* **DATA SECTION**:
- Opening Delimiter -
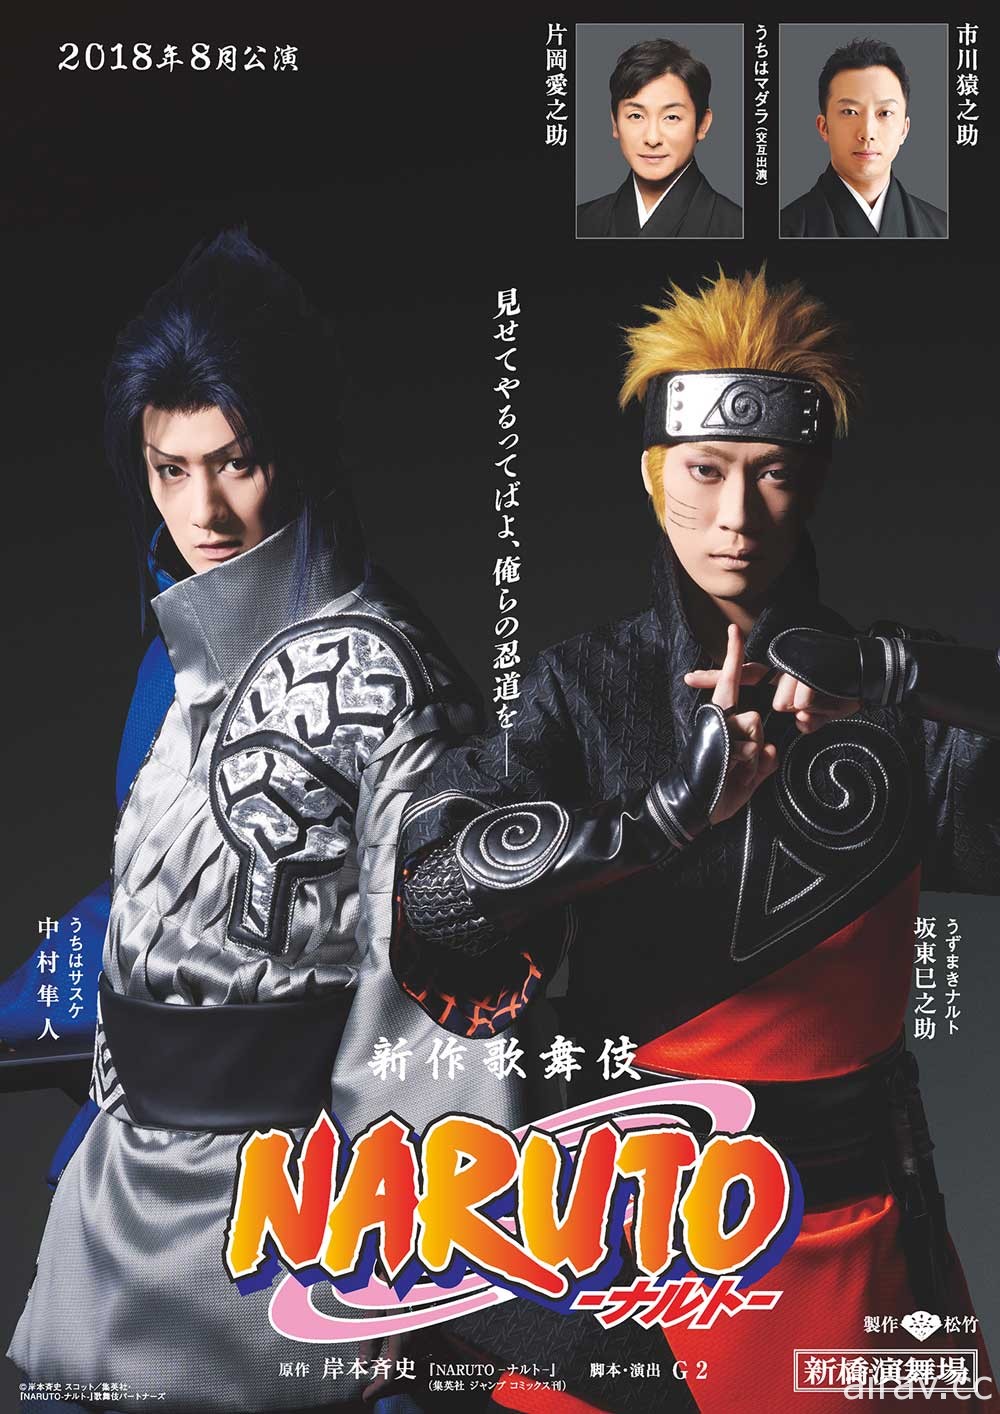 《火影忍者》将于今年 8 月在日本推出歌舞伎舞台公演 主宣传照释出
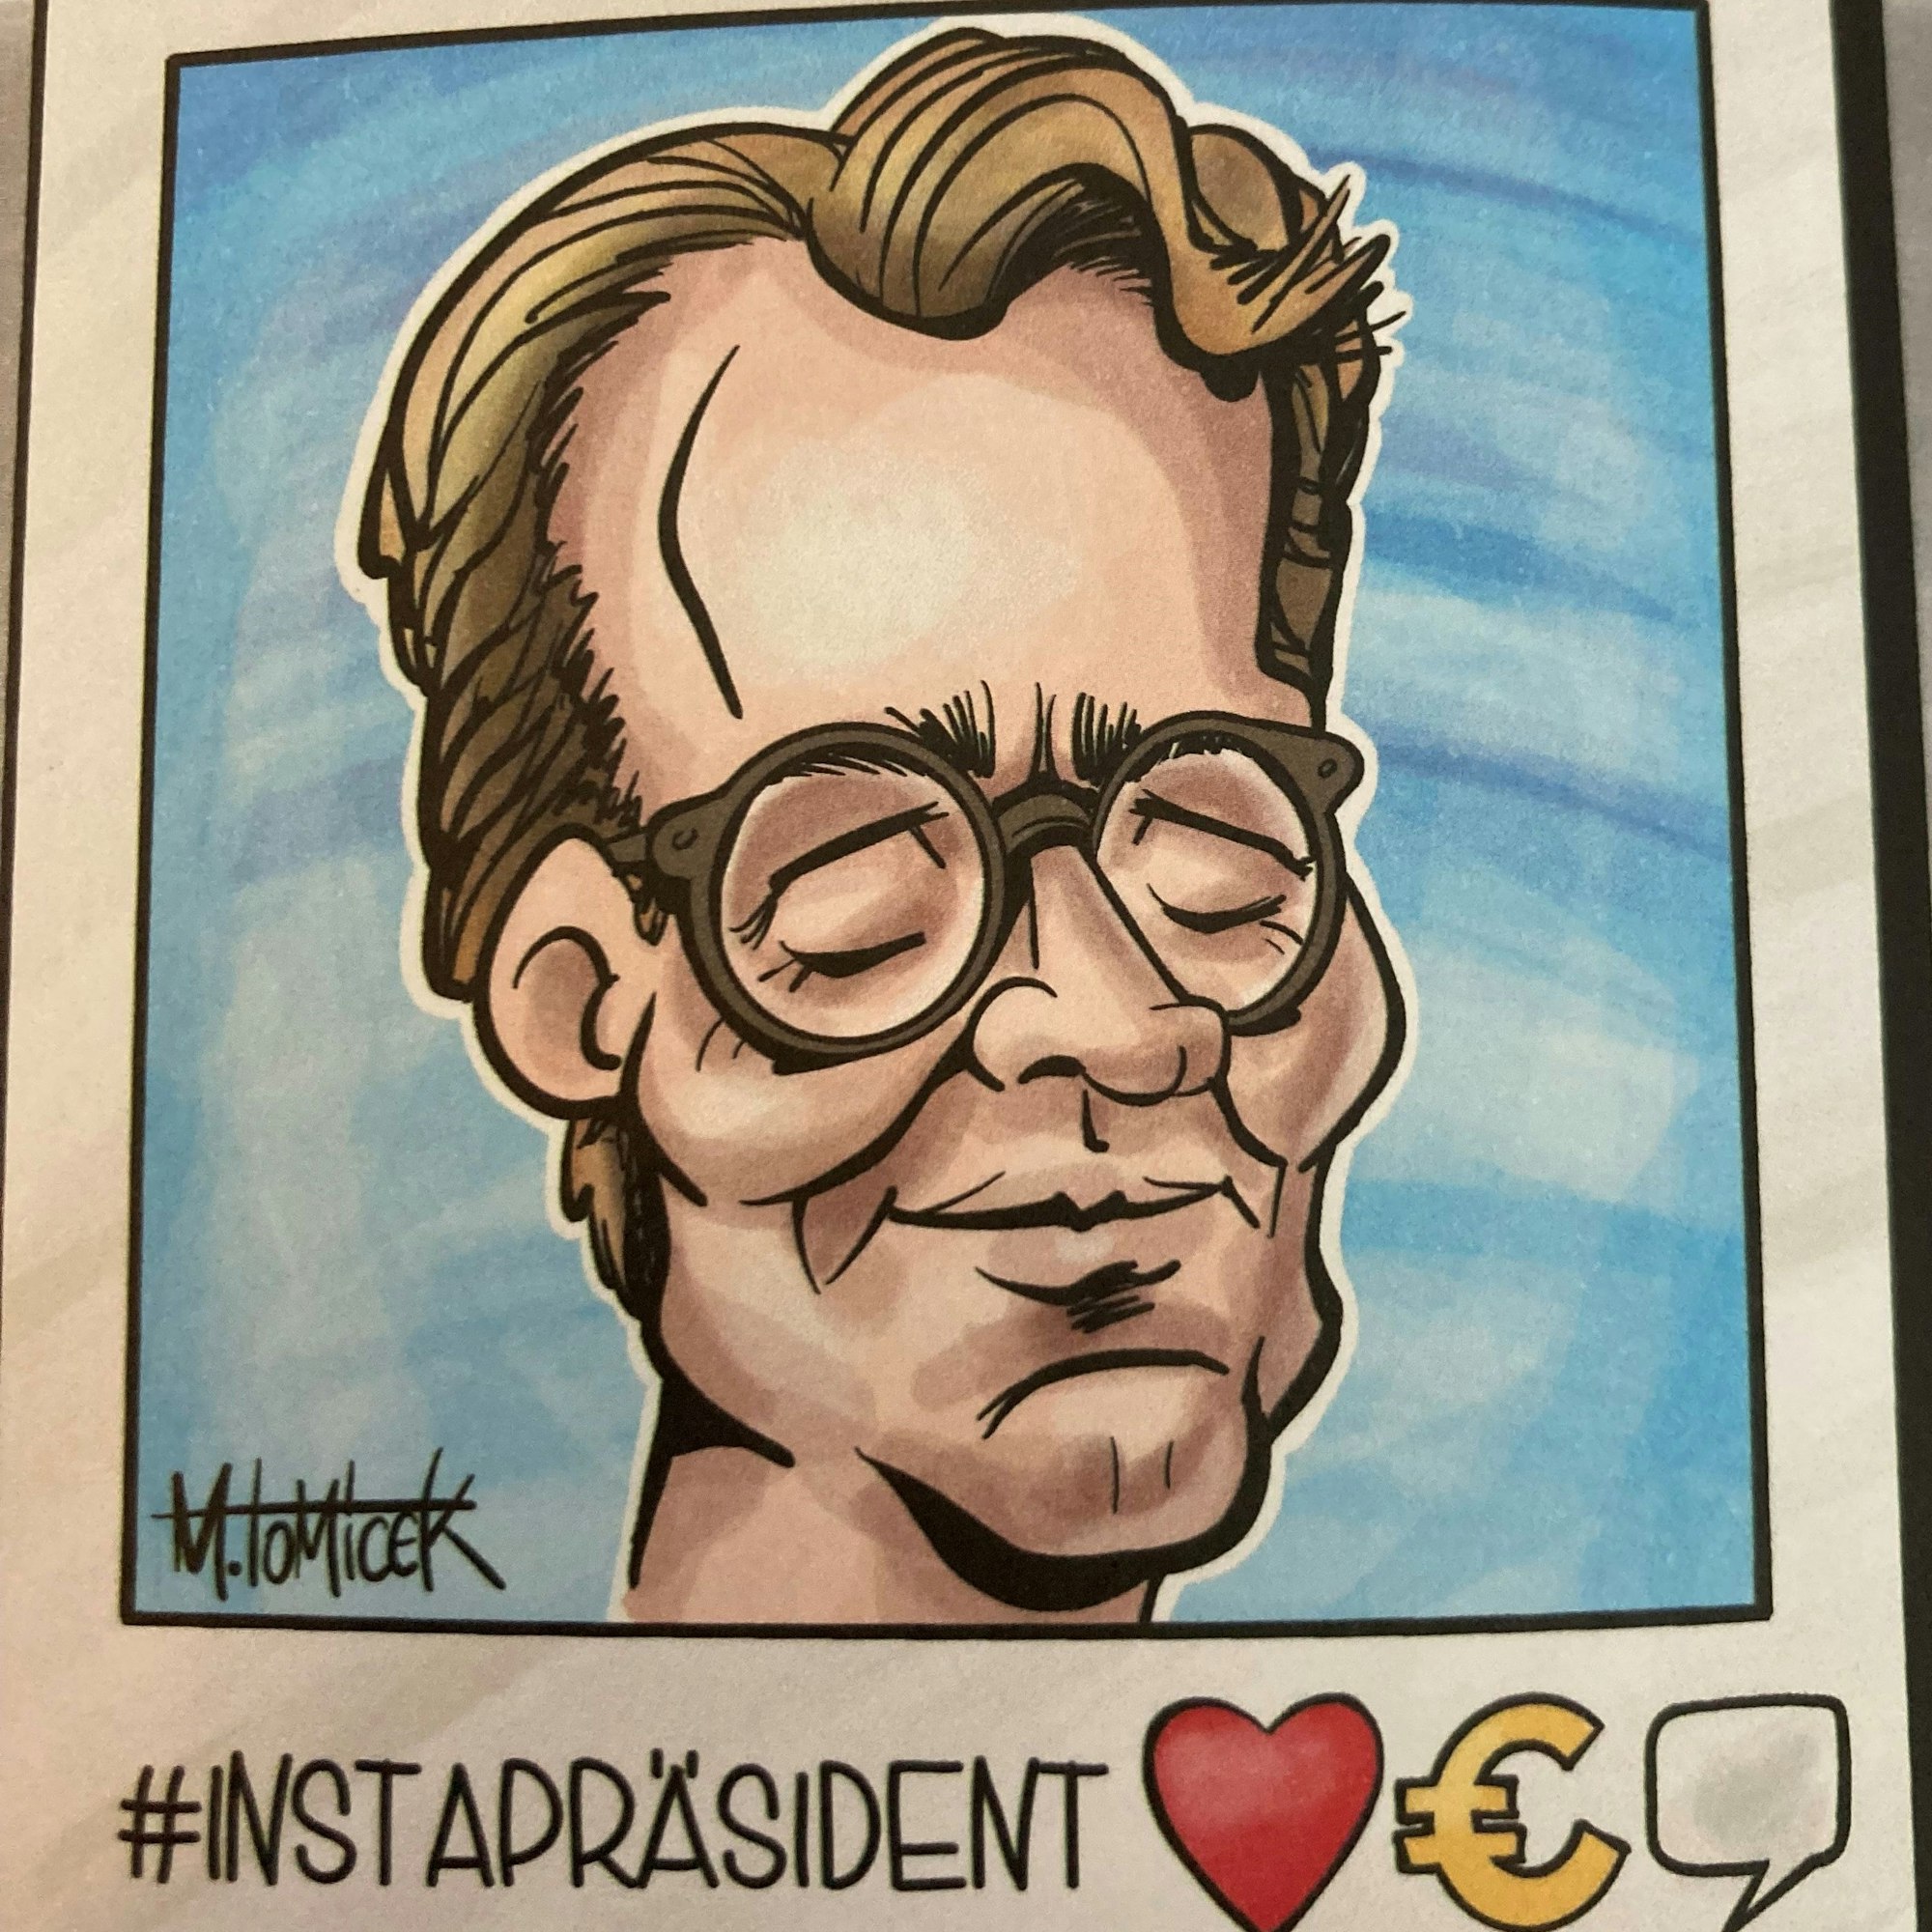 Motiv aus einer Broschüre der SPD: Hendrik Wüst, NRW-Ministerpräsident, ist als Karikatur gezeichnet. Darunter steht Hashtag/Instapräsident.
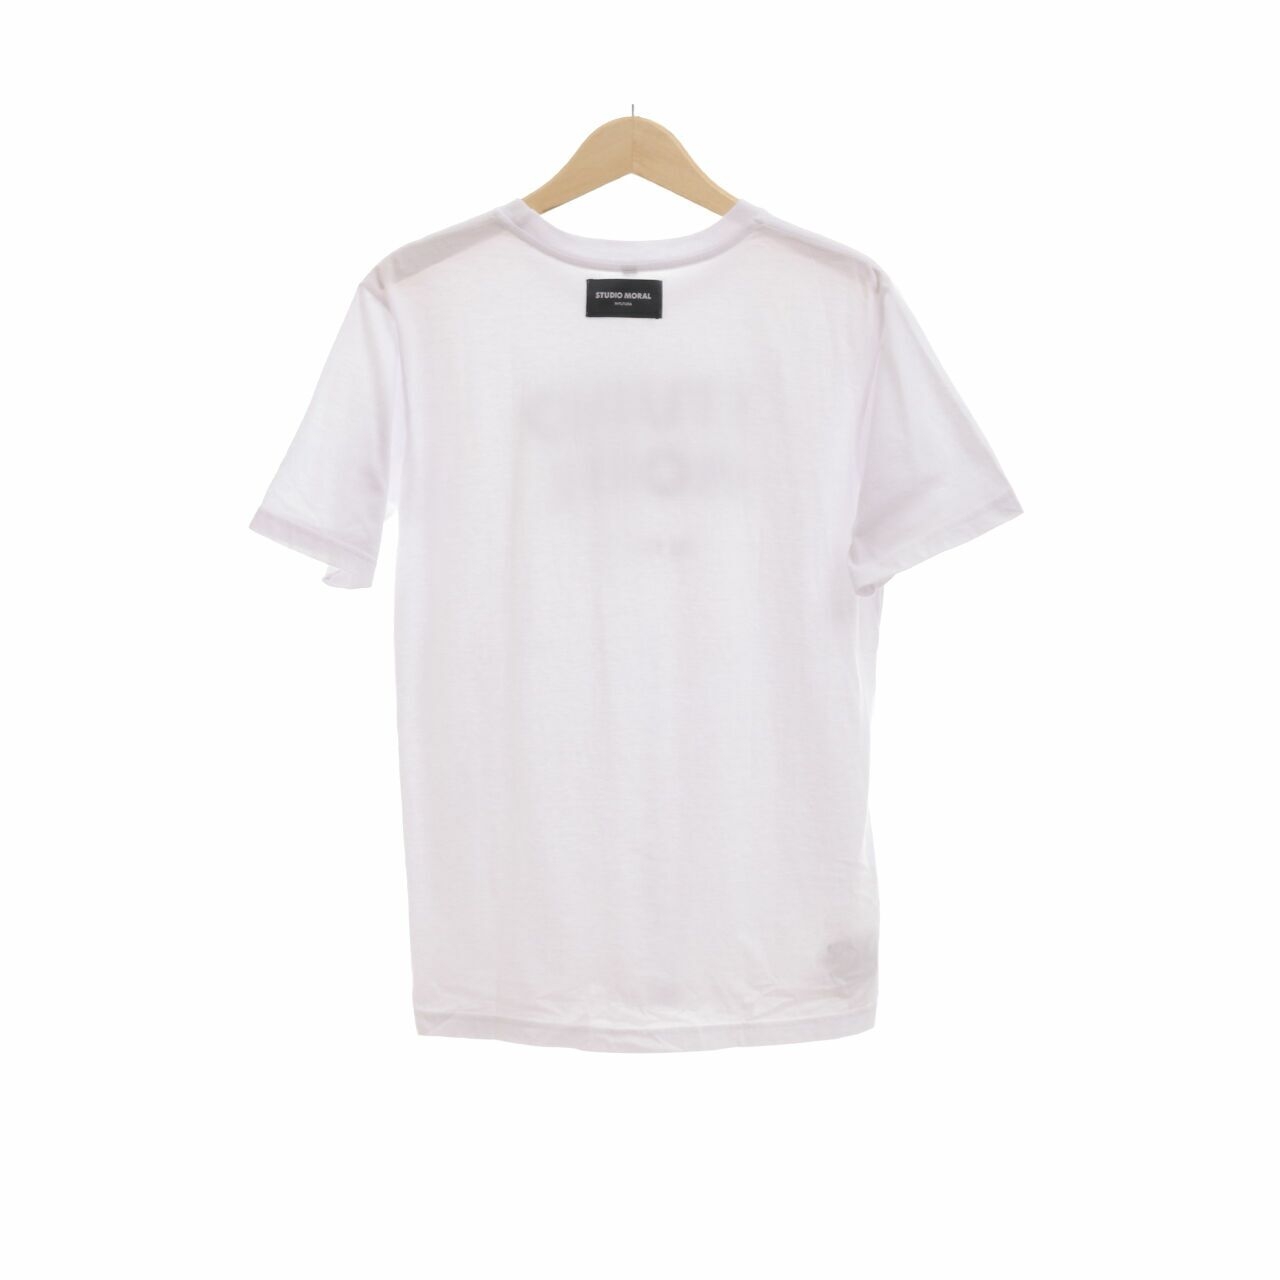 Studio Moral In Futura White T-Shirt
- Closing Delimiter -
* **AIM OF THE TASK**: Please write out the entire listing above exactly, but leave the pictures out.

* **ANSWER TO THE PROBLEM**:
 《火影忍者》将于今年 8 月在日本推出歌舞伎舞台公演 主宣传照释出
 Motiv aus einer Broschüre der SPD: Hendrik Wüst, NRW-Ministerpräsident, ist als Karikatur gezeichnet. Darunter steht Hashtag/Instapräsident.
 Studio Moral In Futura White T-Shirt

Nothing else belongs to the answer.